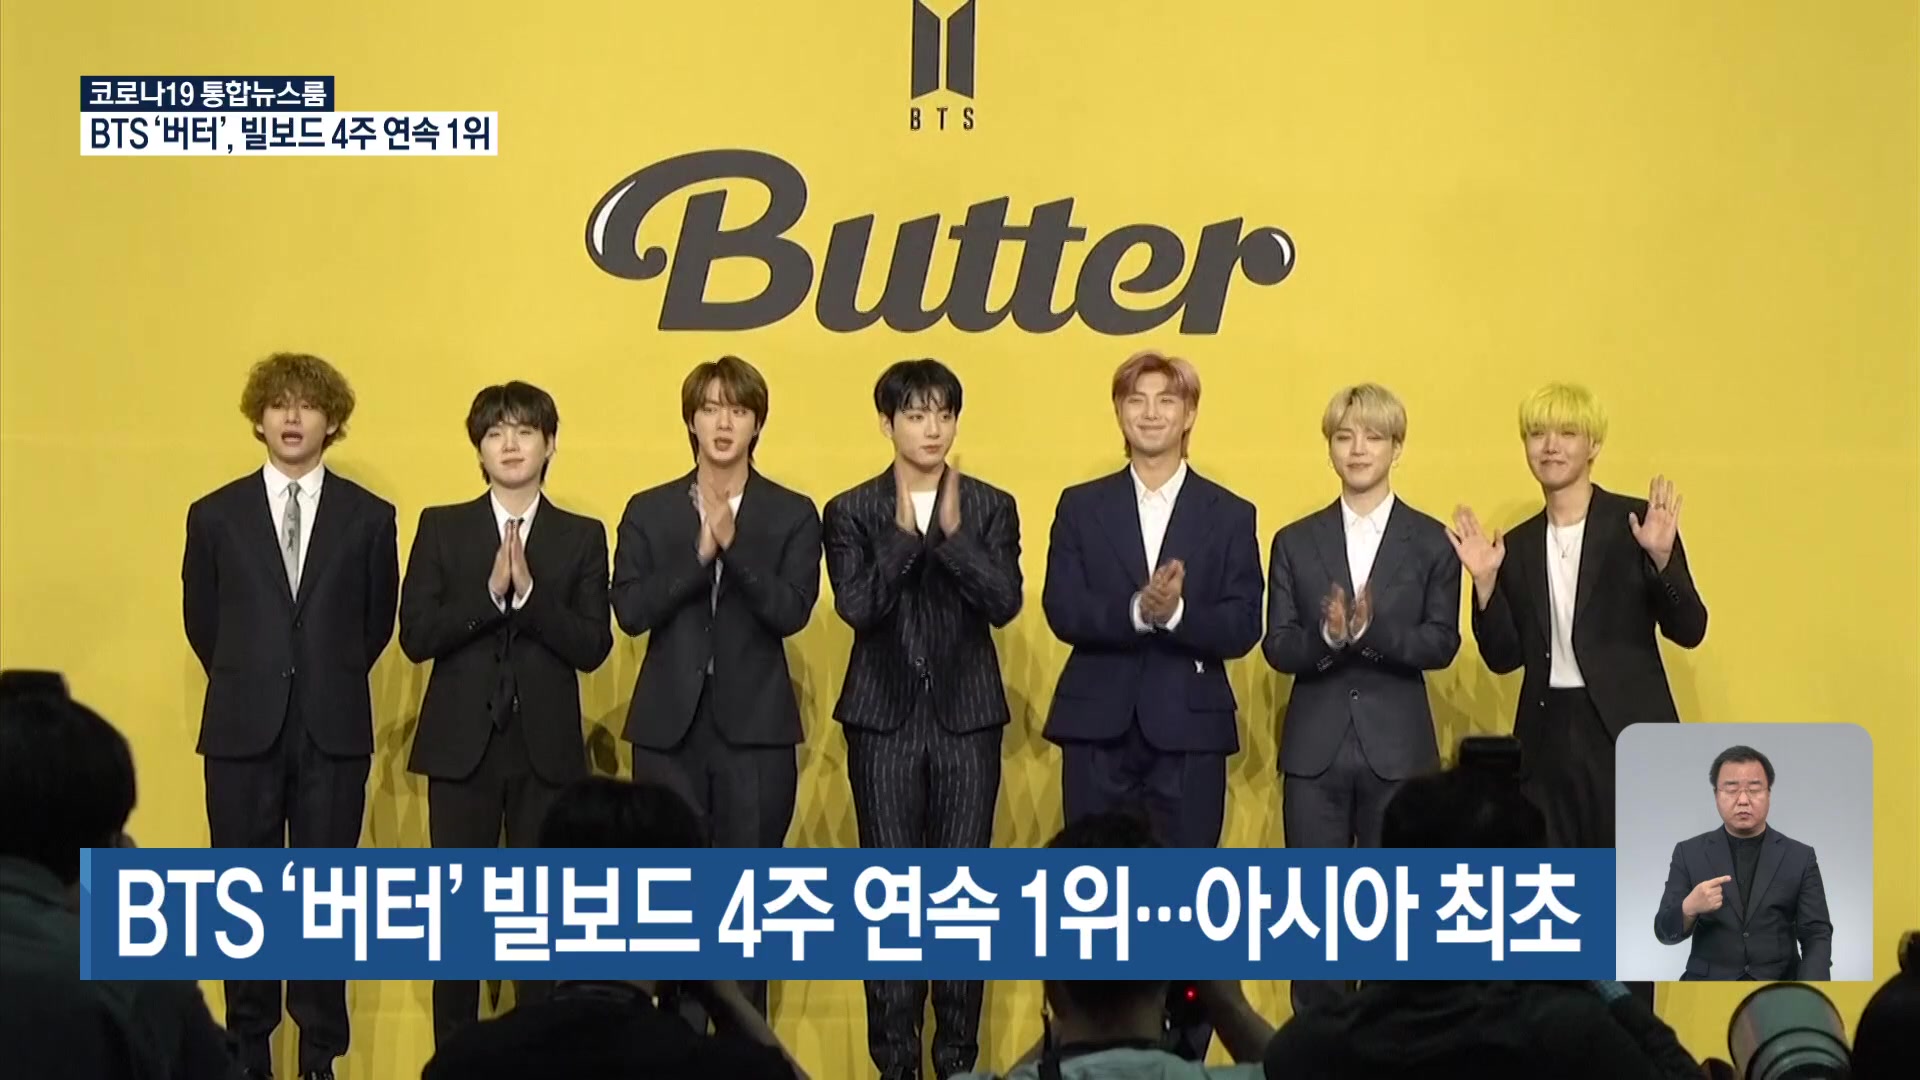 BTS ‘버터’, 빌보드 4주 연속 1위…아시아 최초
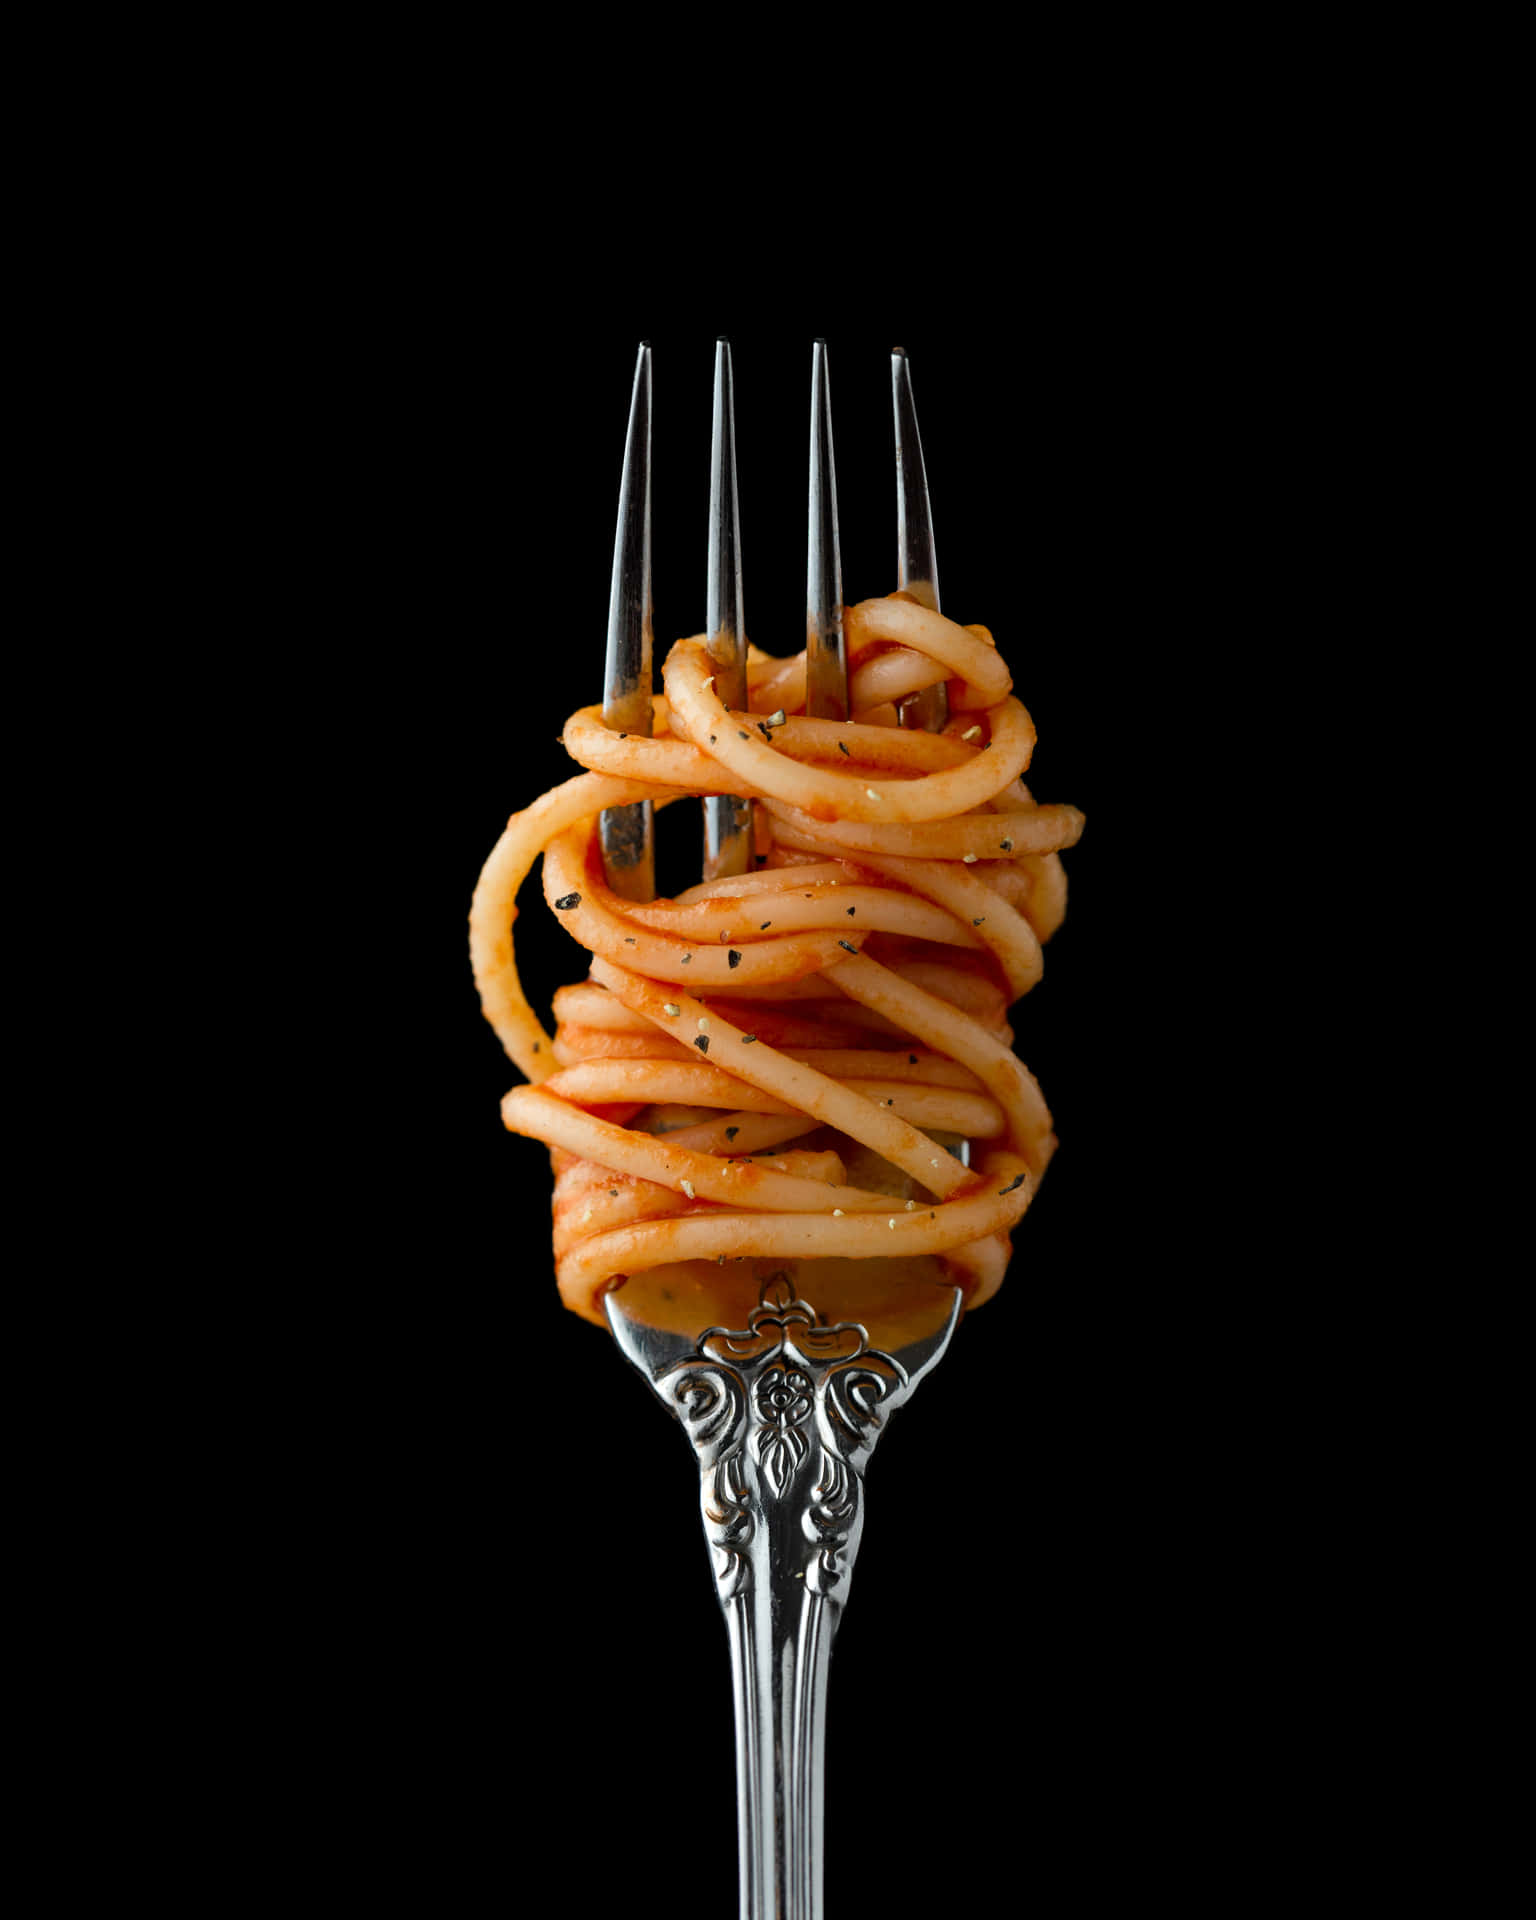 En gaffel med spaghetti på den Wallpaper
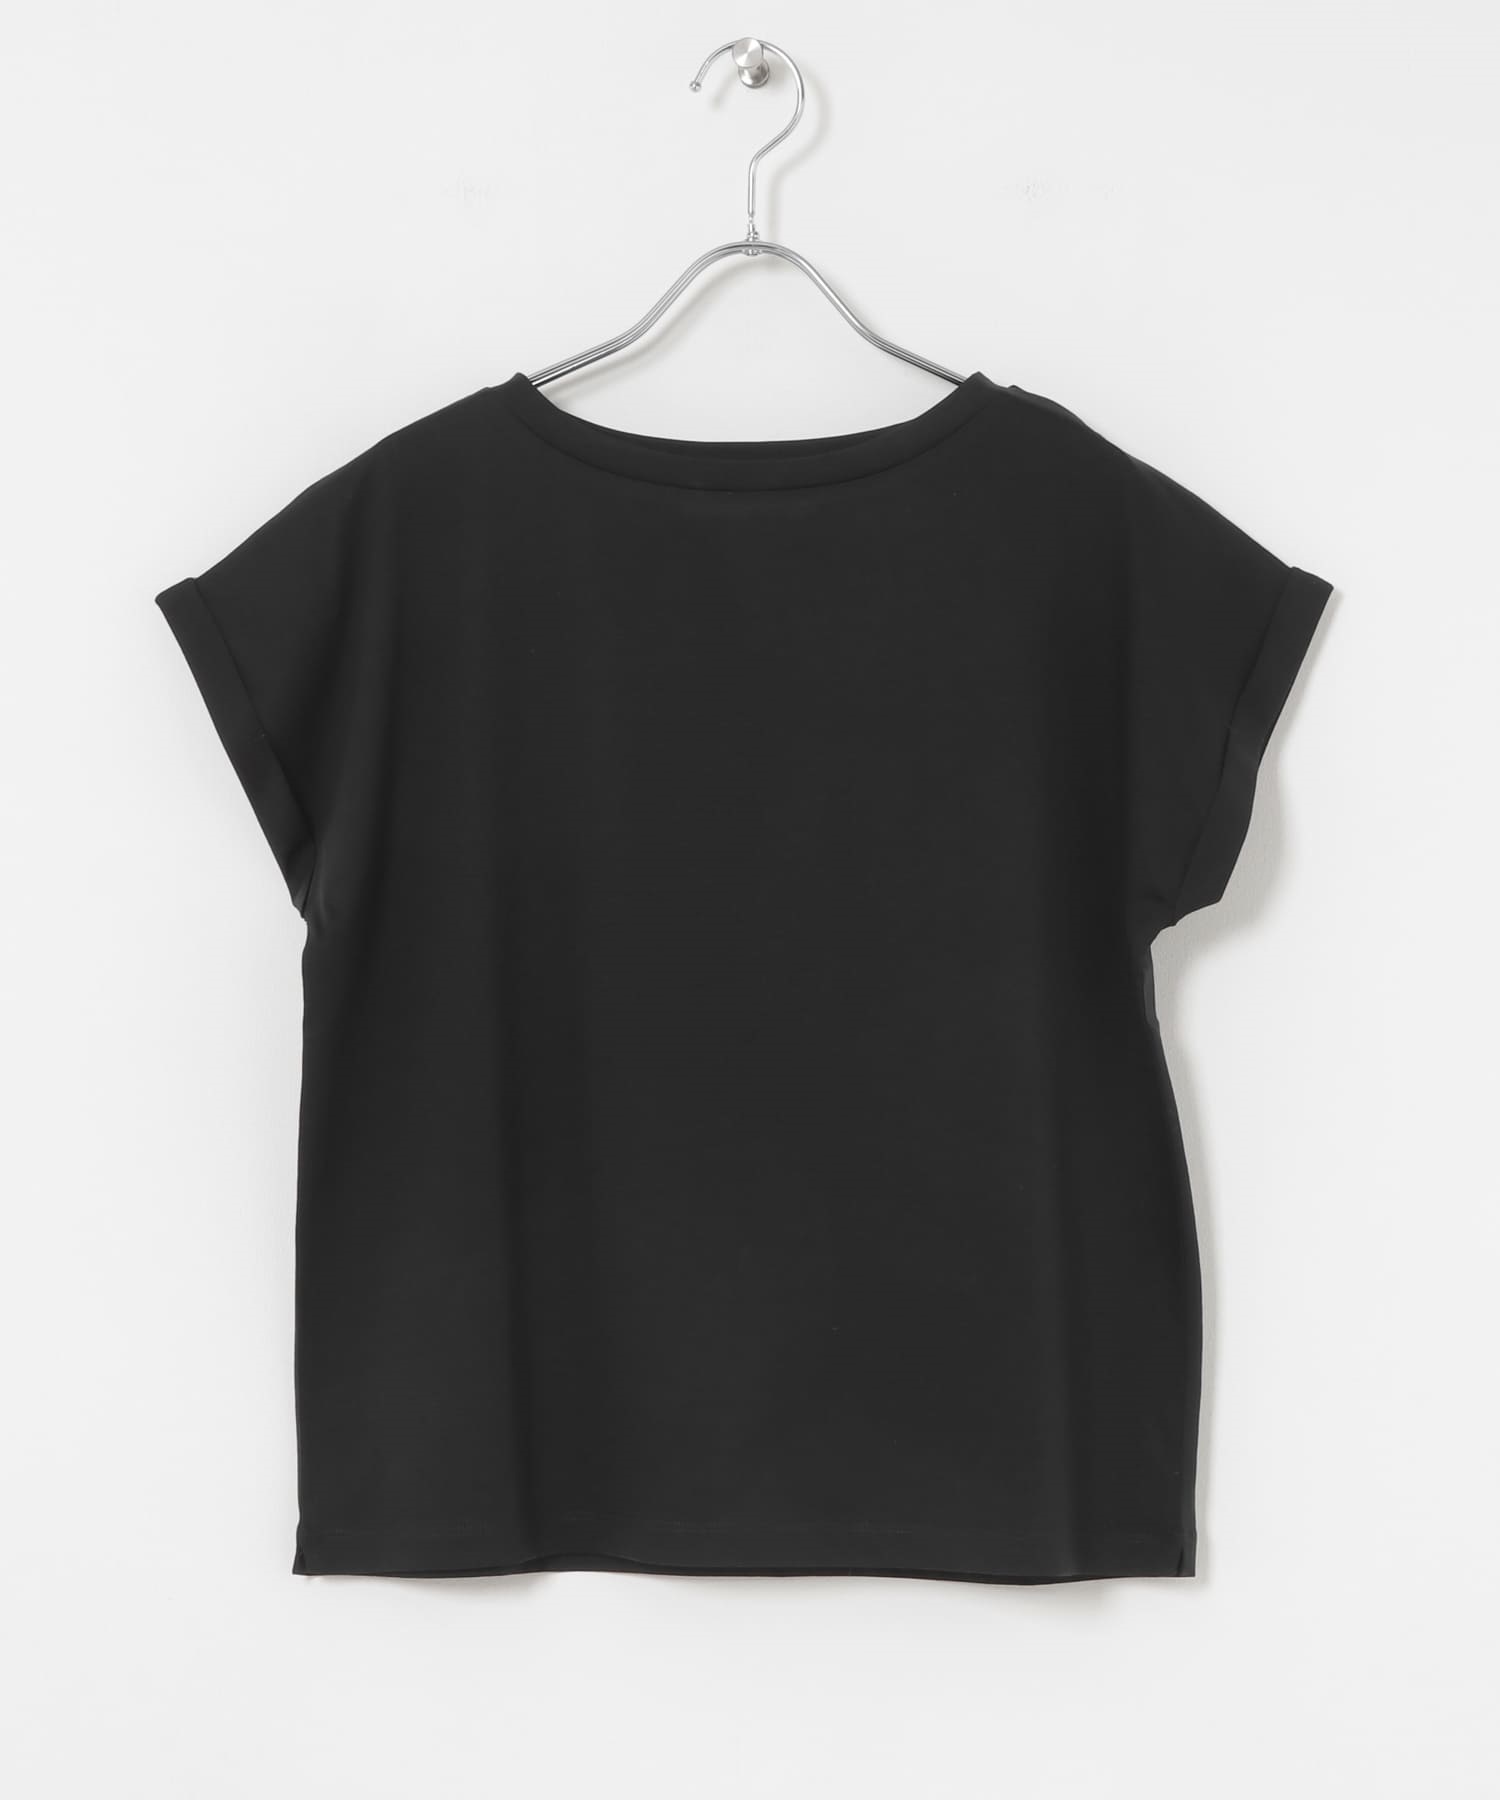 皮馬棉T恤(黑色-FREE-BLACK)

######

Return the listing unchanged, but drop every picture.

 BTS ‘버터’, 빌보드 4주 연속 1위…아시아 최초
 En gaffel med spaghetti på den Wallpaper
 皮馬棉T恤(黑色-FREE-BLACK)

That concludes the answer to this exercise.